NOTE 1. ACCOUNTING POLICIES

The annual report for 2020/21, which comprises the Company's financial statements, has been prepared in accordance with International Financial Reporting Standards (IFRS) as adopted by the European Union and additional Danish disclosure requirements for class D companies for listed companies.

The accounting policies are consistent with those applied in 2019/20.

The annual report is presented in DKK thousands (DKK '000).

Relevant new accounting standards

The annual report is presented in accordance with the standards (IFRS/IAS) and interpretations (IFRIC) applicable for financial years beginning on 1 July 2020 or later.

In the current year, the Company has applied a number of amendments to IFRS Standards and Interpretations issued by the International Accounting Standards Board (IASB) and adopted by the EU that are effective for an annual period that begins on or after 30 June 2020. Their adoption has not had any material impact on the disclosures or on the amounts reported in these financial statements.

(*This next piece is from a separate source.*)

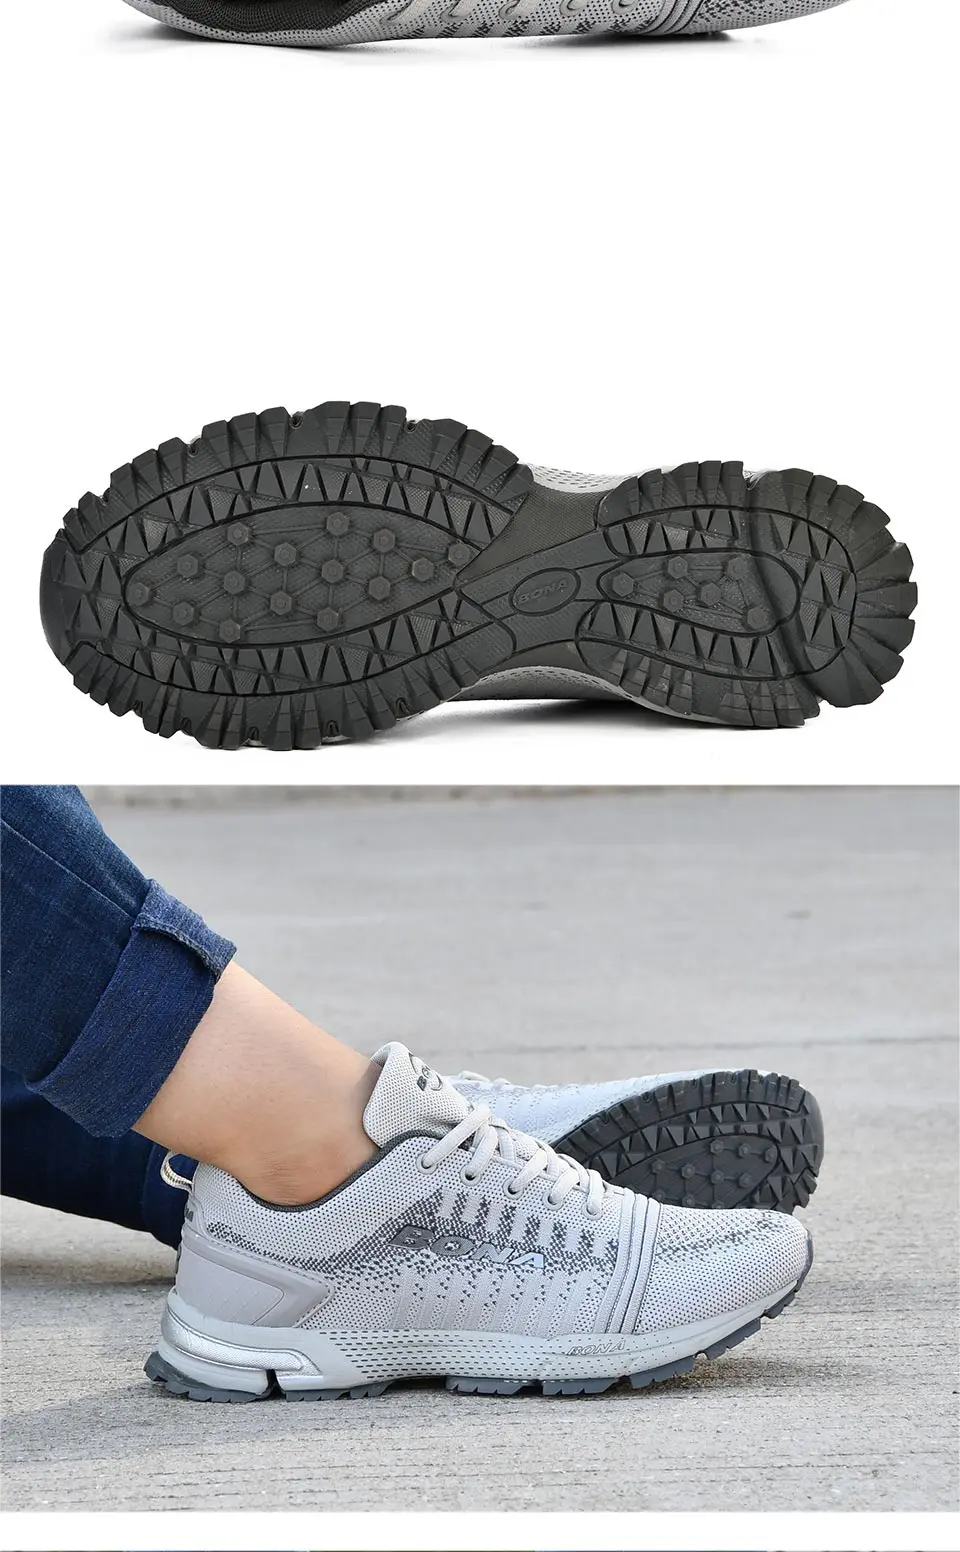 BONA/мужские кроссовки; мужские спортивные кроссовки для бега; прогулочная обувь; легкая беговая Обувь; дышащая обувь; Zapatos; сетчатый верх из дышащего материала

New standards and interpretations not yet adopted

The IASB has issued a number of new amended standards and interpretations that are not mandatory for the financial statements for 2021/22. Some of which have not yet been endorsed by the EU. Rovsing A/S expects to adopt the standards and interpretations when they become mandatory. None of these are expected to have a significant impact on recognition and measurement but may lead to further disclosures in the notes.

Foreign currency translation

Rovsing uses DKK as it's functional and presentation currency.

On initial recognition, transactions denominated in foreign currency are translated at the exchange rate ruling on the transaction date. Foreign exchange differences arising between the exchange rate at the transaction date and at the date of payment are recognised in the income statement under financial income or expenses.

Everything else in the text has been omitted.